Поселился в этом доме в апреле и чуть не сбрендил от тоски. "Нет, не смогу. Не смогу остаться здесь, – решил я, едва переступив порог чужого, разоренного жилья. – Не выдюжу, кишка тонка…" Но пересилил себя остался. Может, чем–то приманила смена боли – то ныли свои раны, мучила своя головная боль. А здесь – чужая. Боль разоренного жилья, покинутых деревенек. Да такая, словно обидели ребенка, наказали и предали неразумного…
Через месяц зацвели на бугре яблони – белым и розовым, а холмы сплошь покрыло лилово–сиреневое море люпинов. Не представляешь, какая здесь благодать весной! Вон там, прямо за окном, по овсяному полю волшебной бархатистости перекатывает волны ароматный ветерок, за ним опрокинулись зеркала озер. А над ними и в них – , высоченное, невероятной голубизны небо. Глянул я как–то окрест утрецом и аж дух захватило! Причем, никого один под небом вместе с травами, озерами, комарами, лягушками, цветами этими…
Потом появились шабашники с фермы с пилами и необходимым инструментом. Разобрали хлев и подновили домик. Во всех строительных делах я участвовал на равных. С охоткой, с душой, с тайным желанием задавить в себе слабака Горчакова. И верно, падал на топчан после трудовых свершений, как убитый, и спал до утра.
Мебель кой–какую привез из Торопца. Книжные полки, письменный стол, кухонные шкафчики. Душ с обогревателем соорудил – словом, окопался солидно.
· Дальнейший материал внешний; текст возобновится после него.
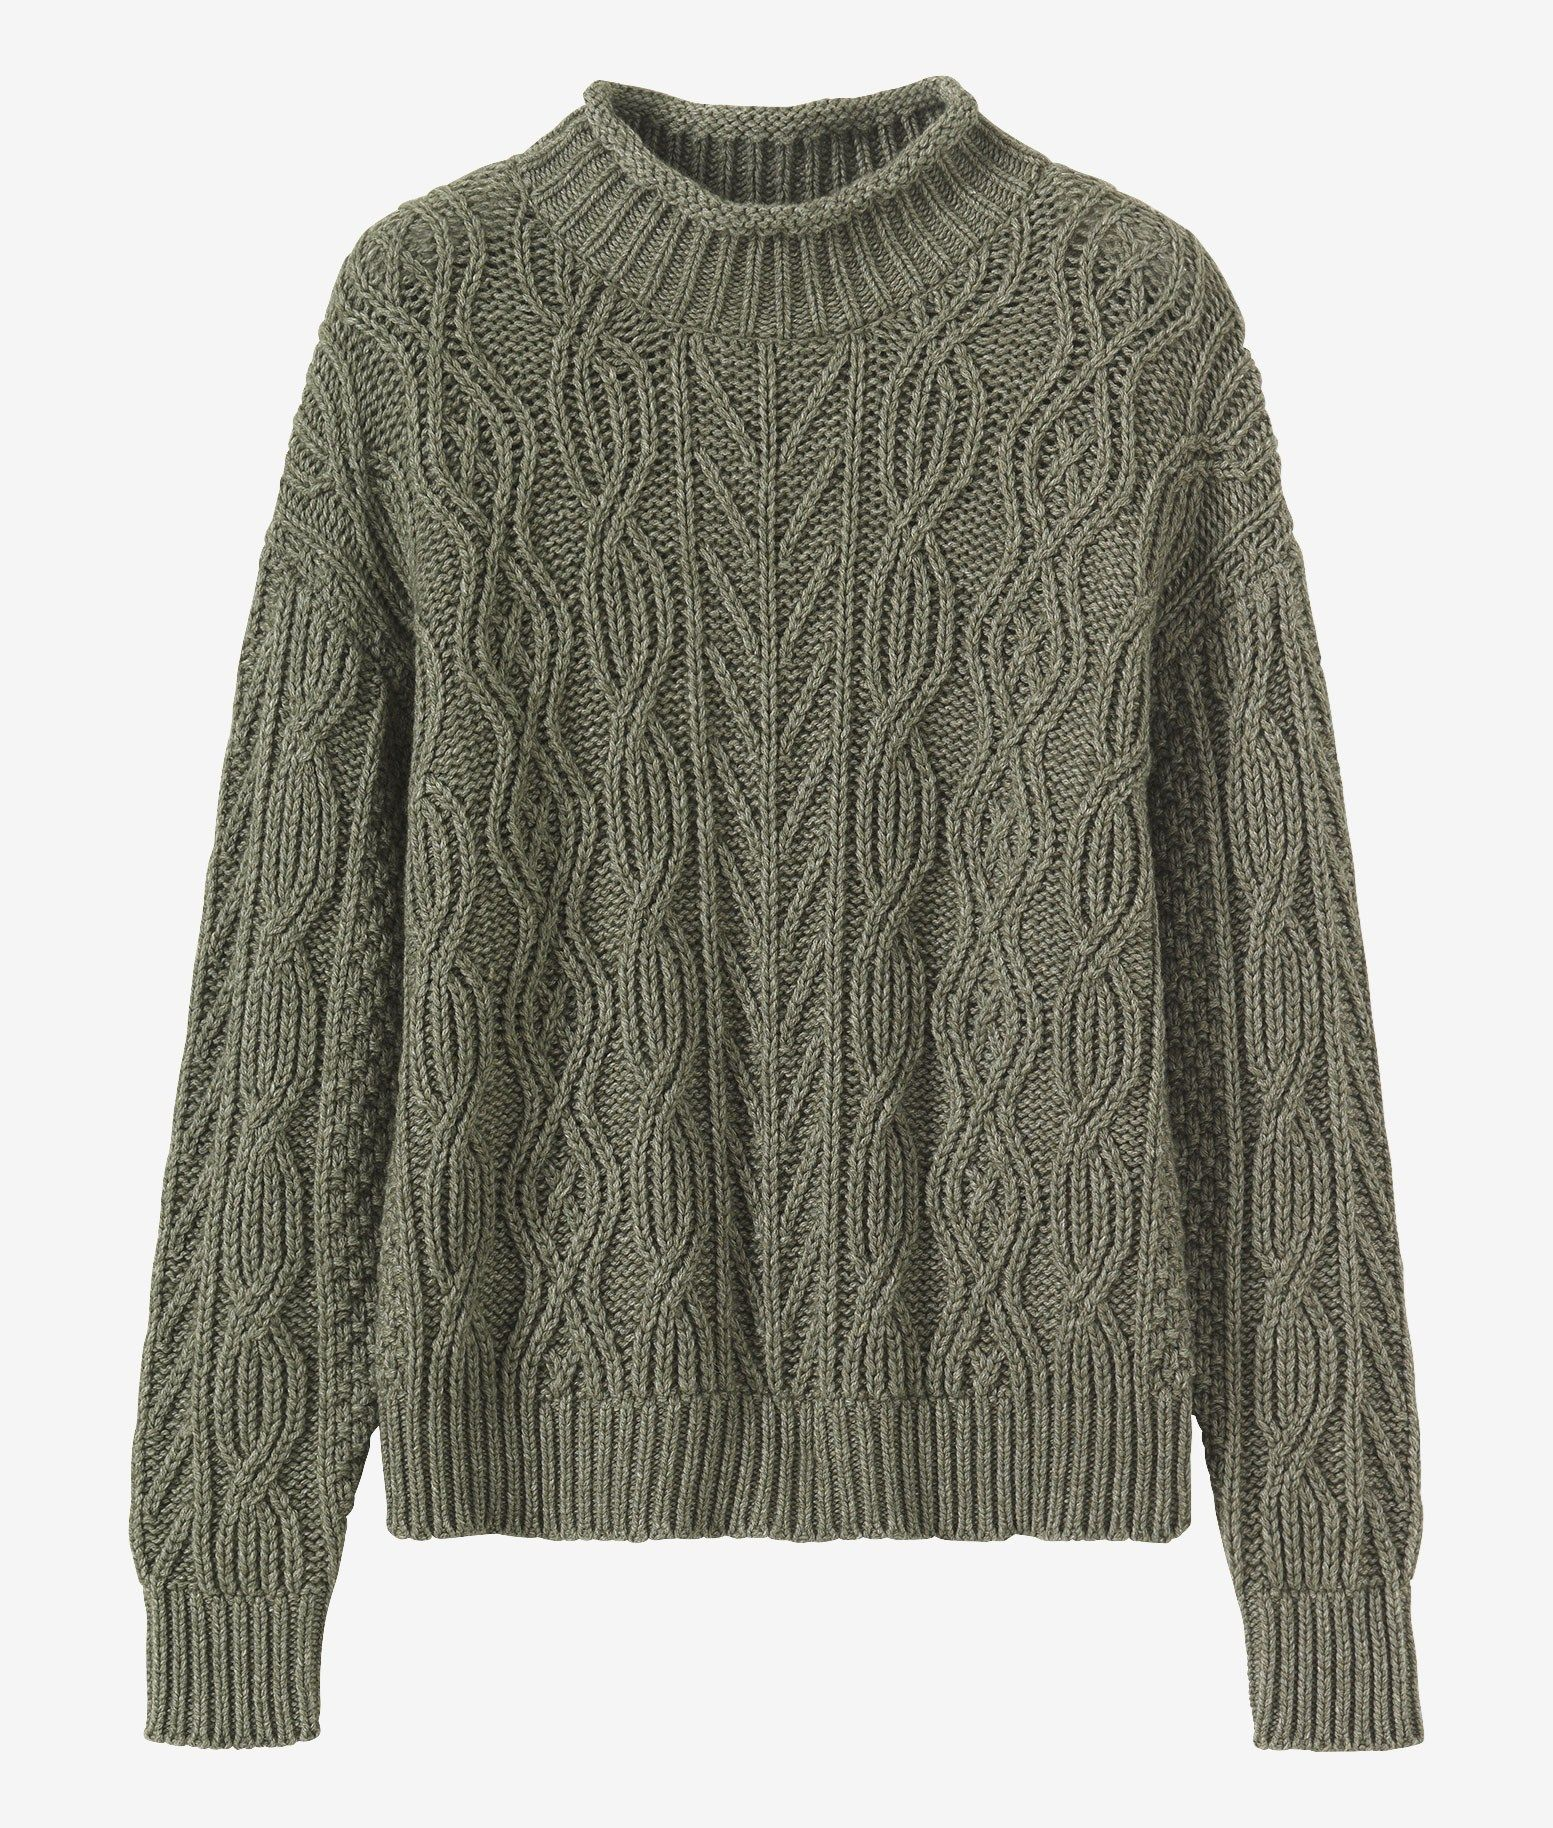 TOAST | Aran Lambswool & Cotton Sweater | Wear | Pinterest ...

– Вот и вижу, что человек прочно осел. Кастрюльки эти, книги, то да се… Слушай, Макс, а если я здесь тоже обоснуюсь. А что? Две хаты – почти улица. – Лион поднял палец и хитро посмотрел: – возникает в такой связи некая идейка. Мы подадим прошение о переименовании населенного пункта! Сейчас все переименовывают.
– Меньше Лозанны я не согласен.
– Ай, старик, да не отрывайся ты от корней. И взгляни на нас – две особи столь разного физического статуса, оба в бородах и в полном… Смекаешь? Деревня "Большие Козлы" – звучит, по моему, внушительно.
Глава 28
Анюта Илене – пятнадцатилетняя черноглазая акселератка фотомодельного роста и звездных амбиций, сидела на полу среди разбросанных журналов с яркими глянцевыми иллюстрациями. От матери – уроженки солнечного Кишинева, она унаследовала горячий, взрывчатый темперамент и яркую южную красоту. От отца – упорную латышскую целеустремленность и конфигурацию узкокостной, вытянутой фигуры. У Анны было все, что бы ждать от жизни самого лучшего: смекалка, хорошая память, выносливость, доброжелательность и полная очарования внешность. Блестящие ореховые глаза затеняли пушистые ресницы, напоминая о Бэмби, нос и губы не хуже, чем у Джулии Робертс и даже точно такая грива, как у звезды в фильме "Красотка". Каштановые волосы Анюты живописно вились и проявляли отзывчивость ко всем рекламным средствам хороши были от шампуней разных характеристик, лаков известных и неведомых фирм, гелей супермягких и фиксирующих.